From this moment on, substitute the words “choose to” for the words “have to” or “need to” when you are talking about your job. For example, “I have to go to work today,” becomes “I choose to go to work today.”
People get caught in such a victim mentality when it comes to jobs. Yes I know, there’s house payments, and car payments, and credit card bills.... I also know if the doctor told you tomorrow you’d be dead in six months that all those “have to” items would look very different. Which means that with the right motivation, you can and would do things differently. You’d find solutions. You’d take control. So do it now.
You’ll be amazed at how empowering it is when you start acknowledging you are choosing your own situation.
#7. Open some stress free space
It’s tough to move when you’re in a confined space. Which is how most people feel. They’re so busy they don’t have time to think about a new job. And they have so many financial obligations they don’t have money to explore different options.
So the trick is to take away those barriers and open space for something new to grow.
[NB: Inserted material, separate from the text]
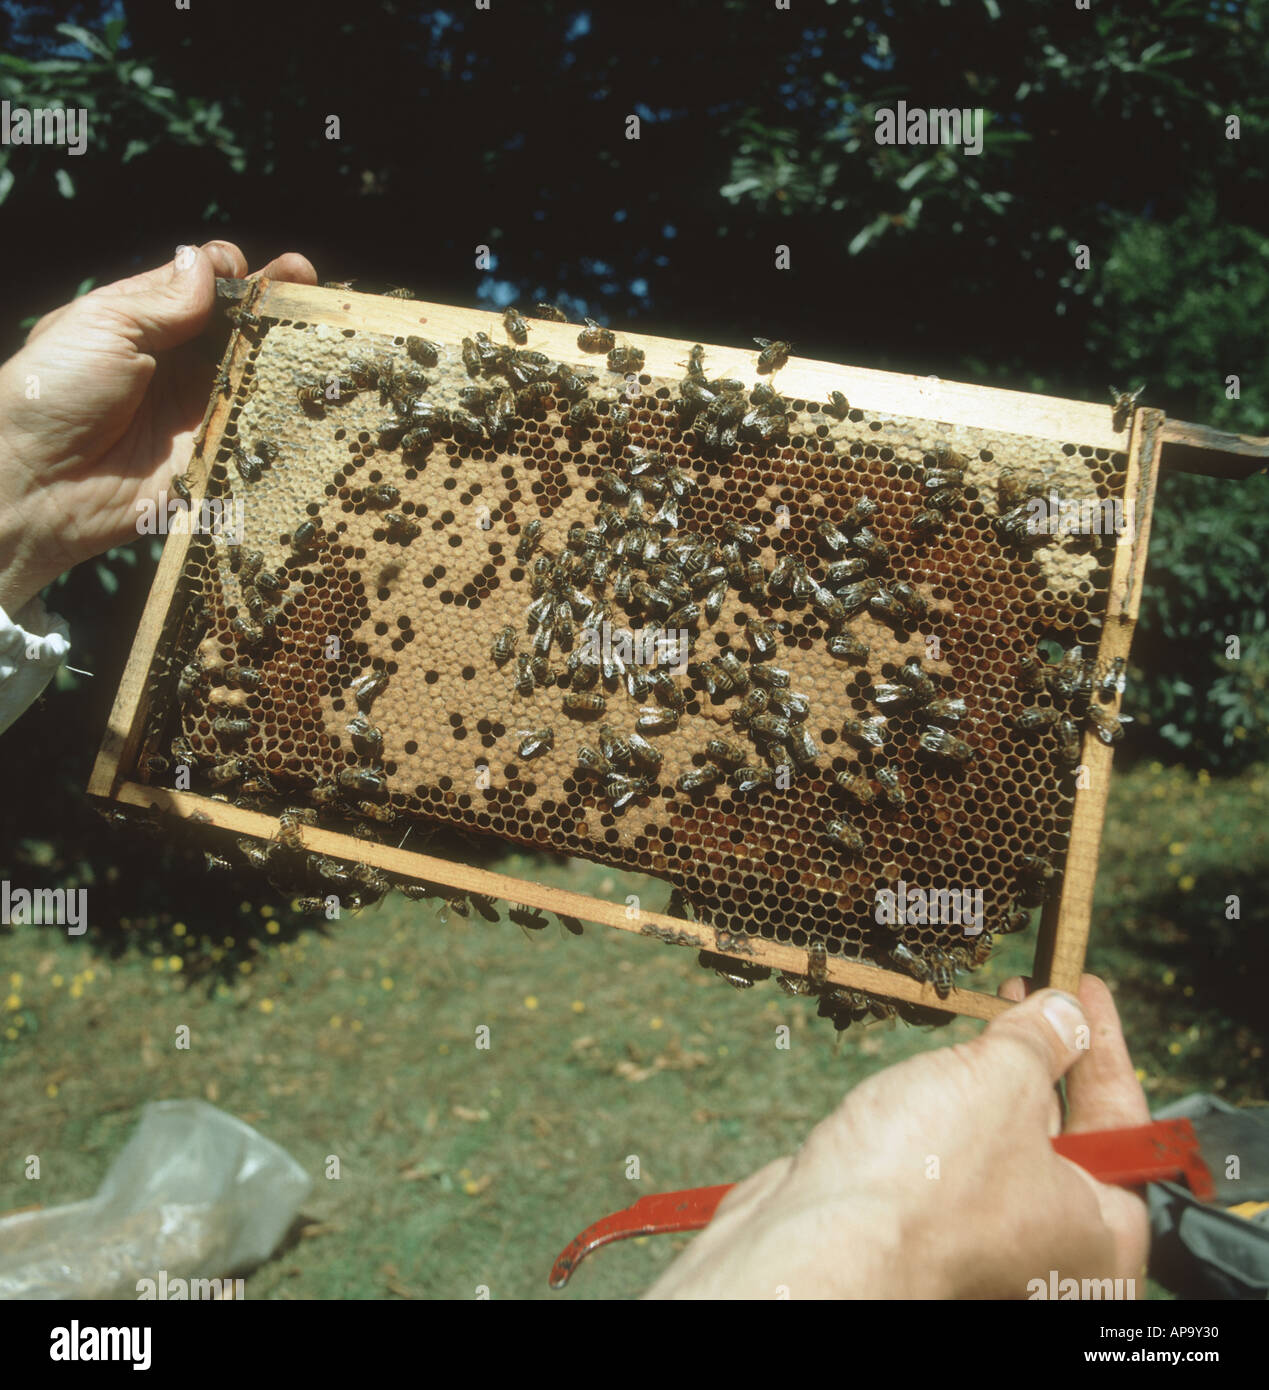 Imker Honig Biene Apis Mellifera Brut Rahmen aus nationalen Bienenstock zu prüfen Stockfoto

The easiest place to open time is cutting back on work. That was covered in point #1. Most people more than 70% of their awake life Monday through Friday either at work, getting to work, or thinking about work. So either get a job you like, or do less of the one you don’t.
As a reward for working at a job they don’t like, most people spend every penny they make, and then some. They are caught in a childhood paradigm where they were told that if they ate their vegetables they could get ice-cream. Eat a plateful of what you don’t like and you can have a dish of what you do.
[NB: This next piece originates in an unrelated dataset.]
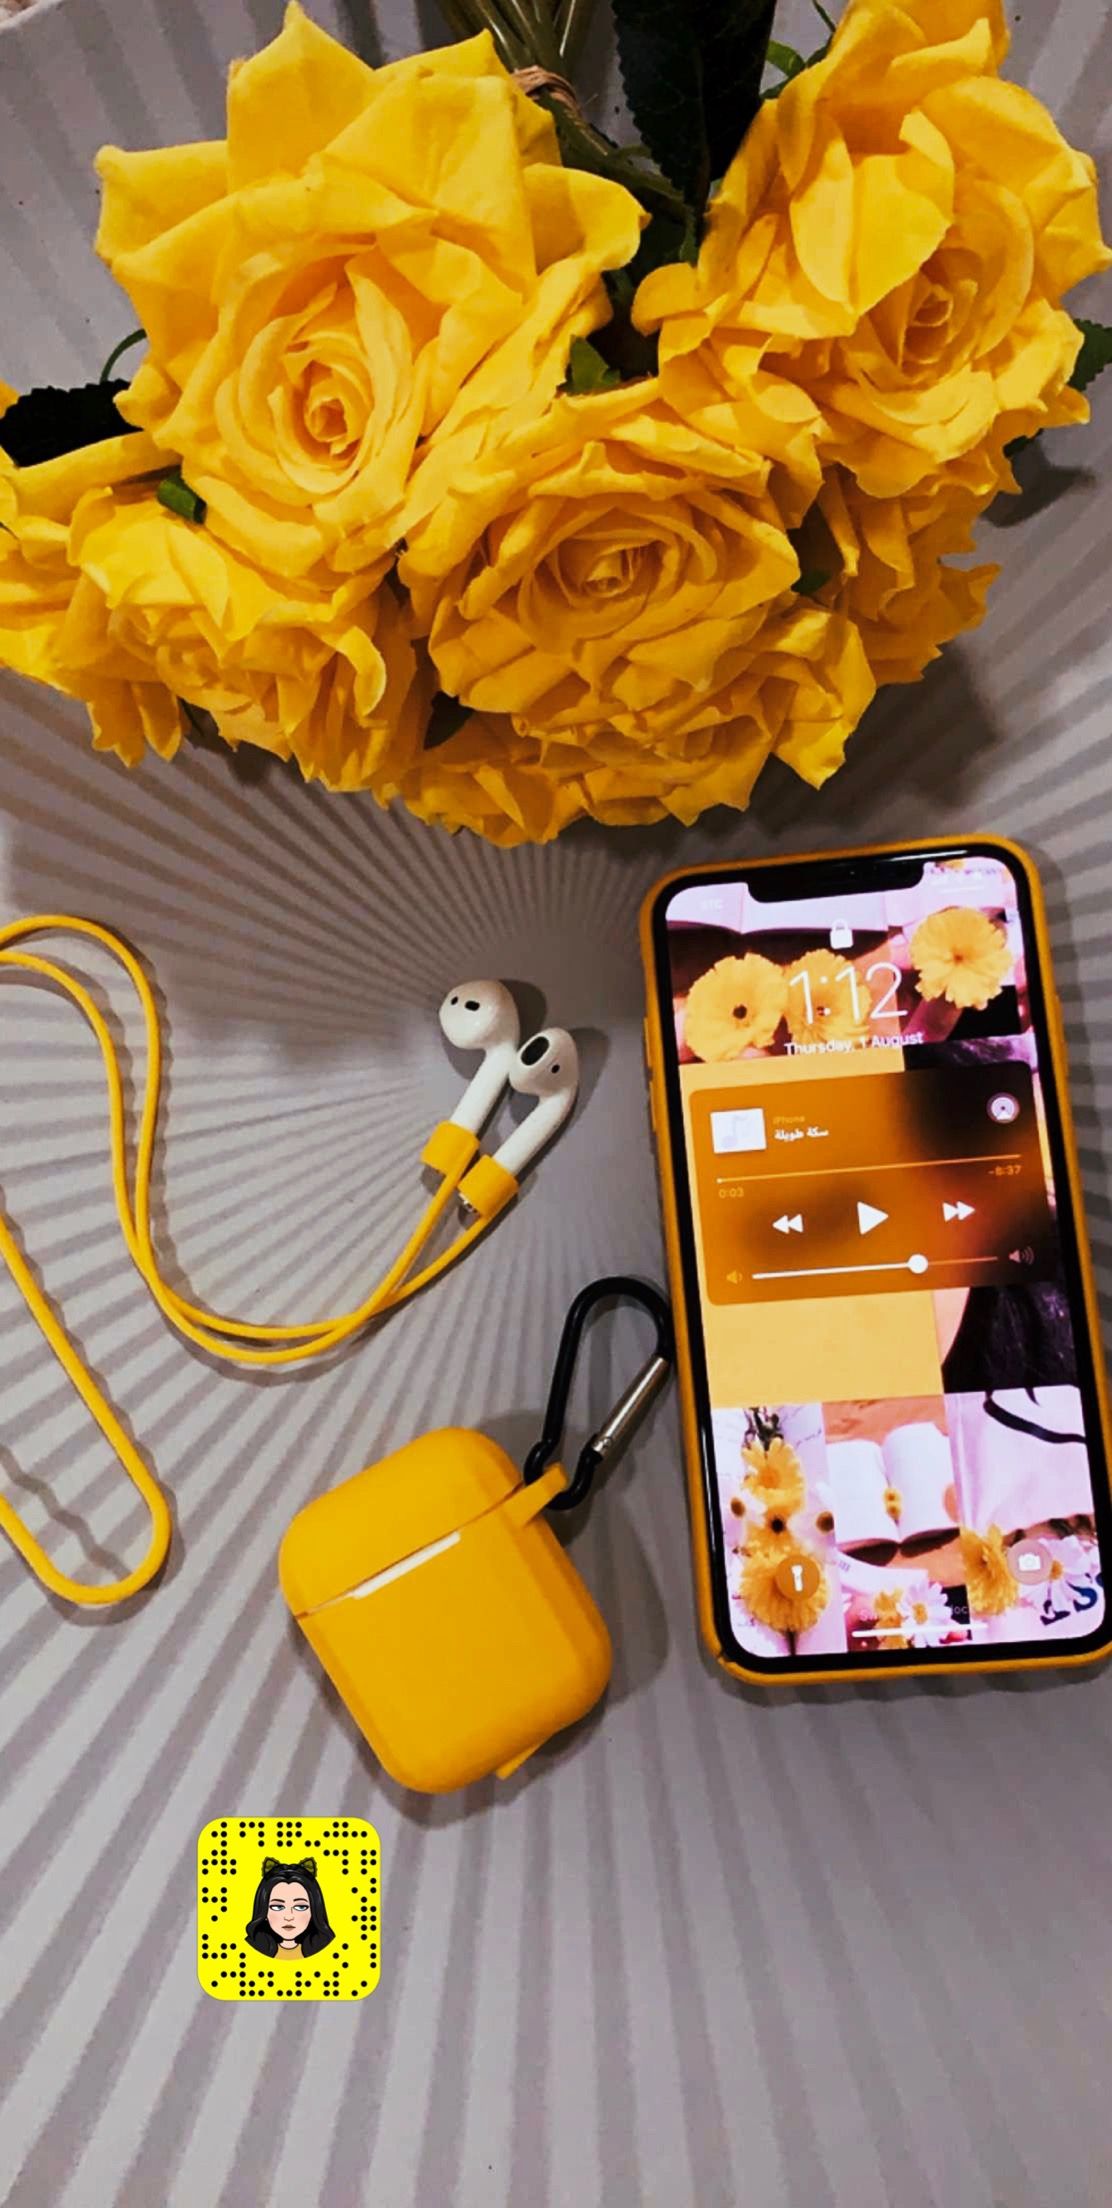 aplicación de fondo de pantalla de estado de ánimo,amarillo,caja del teléfono móvil,naranja,accesorios para teléfono móvil,tecnología

Only now they spend twelve hours a day at what they don’t like, and they reward themselves with a quick fix of what they do. The problem is, feeding that quick fix habit ends up bringing more confinement and less options. The new car is only new the first minute you drive it off the lot. The biggest screen TV is only going to be the biggest for a few months until the newest version comes out. Having 380 channels to choose from does not give you the ability to watch more of them at once, or more time to watch them. The satisfaction from the fix goes away, but the debt incurred to get the fix, doesn’t. Which means people feel pressed to work more, but because of that they need the fix so they spend more...and the cycle trends downward from there.
Just for a few months try downsizing the things you spend money on but that don’t really bring you lasting satisfaction. Spend on what you genuinely need, not what gives you the quick fix. Save that money and when you’ve figured out step #2, start putting it toward that.
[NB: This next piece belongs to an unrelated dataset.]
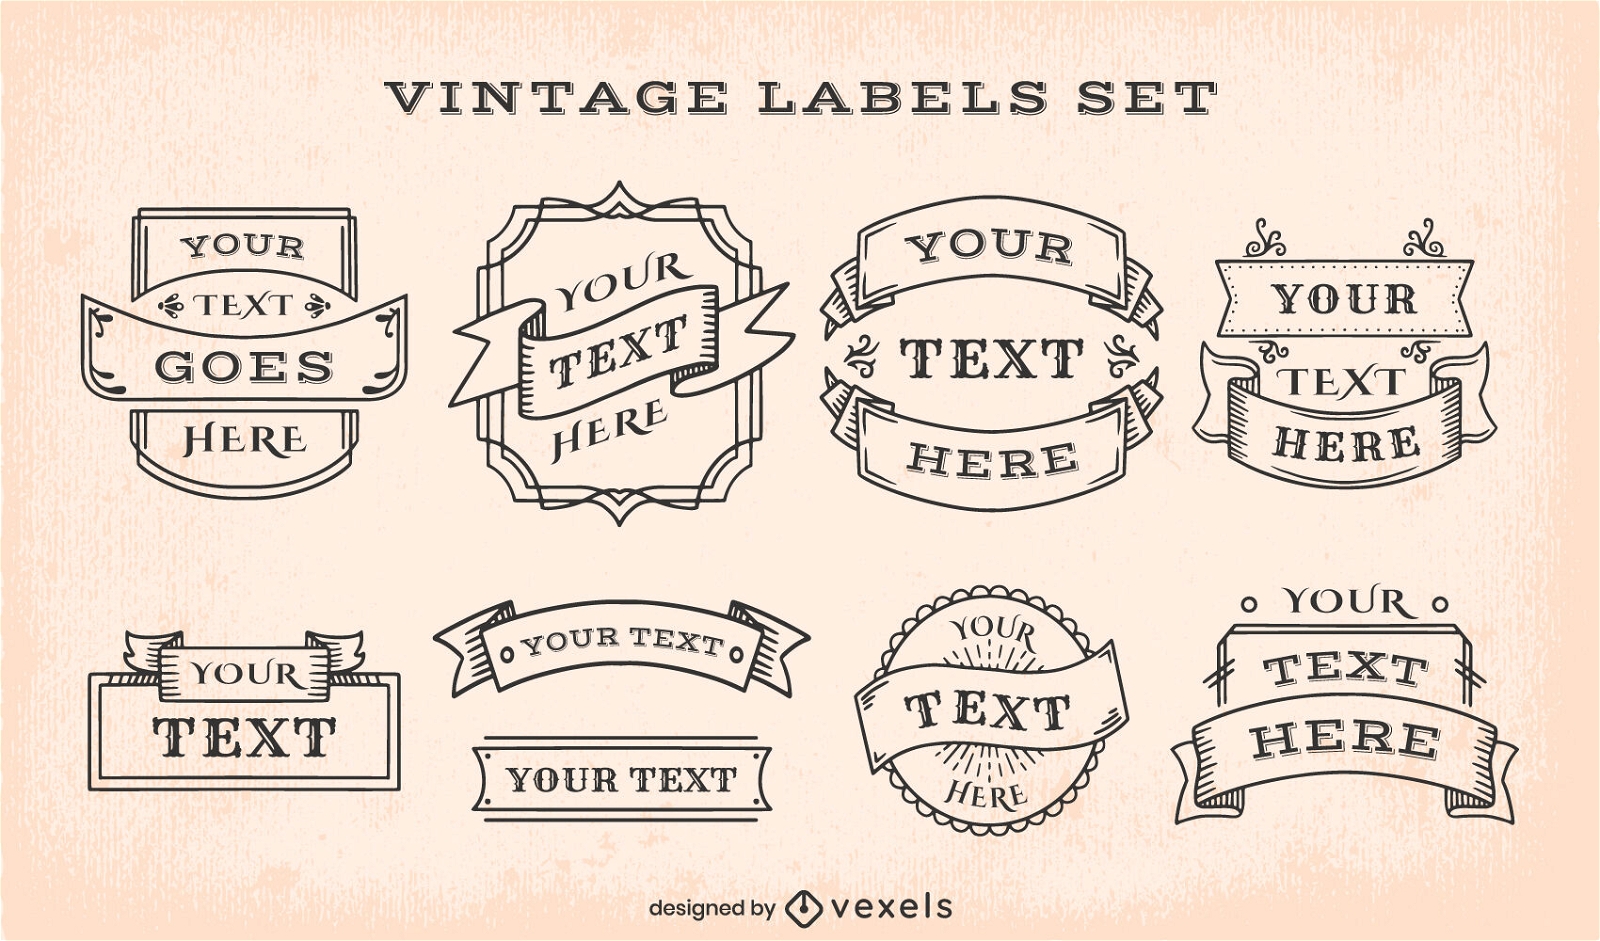 Fitas vintage personaliz?veis e conjunto de etiquetas

Open up some space to breathe. You’ll be amazed at how enticing life looks and how many options you’ll have for ways to live it.
#8. Stop perfecting insanity
Albert Einstein said the definition of insanity is, “doing the same things over and over again and expecting different results.” So many people talk endlessly about how they wish things were different, yet they just keep showing up to the same job every day. Not surprising, things stay the same. According to the latest stats, only 45% of people are satisfied in their job, and worse yet, 64% of workers under 25 report being actually “unhappy” in their job. Those numbers are horrible. Who wants to spend 40 years at a job that makes you “unhappy.”
And yet in order for that to change, something needs to be different. It’s not enough to read the article, it’s about putting the steps into action.
If you had six months left to live, you’d make your life exactly what you wanted it to be. You know you would. So why not do that now, when you’ve got a heck of a lot more than just six months to enjoy it.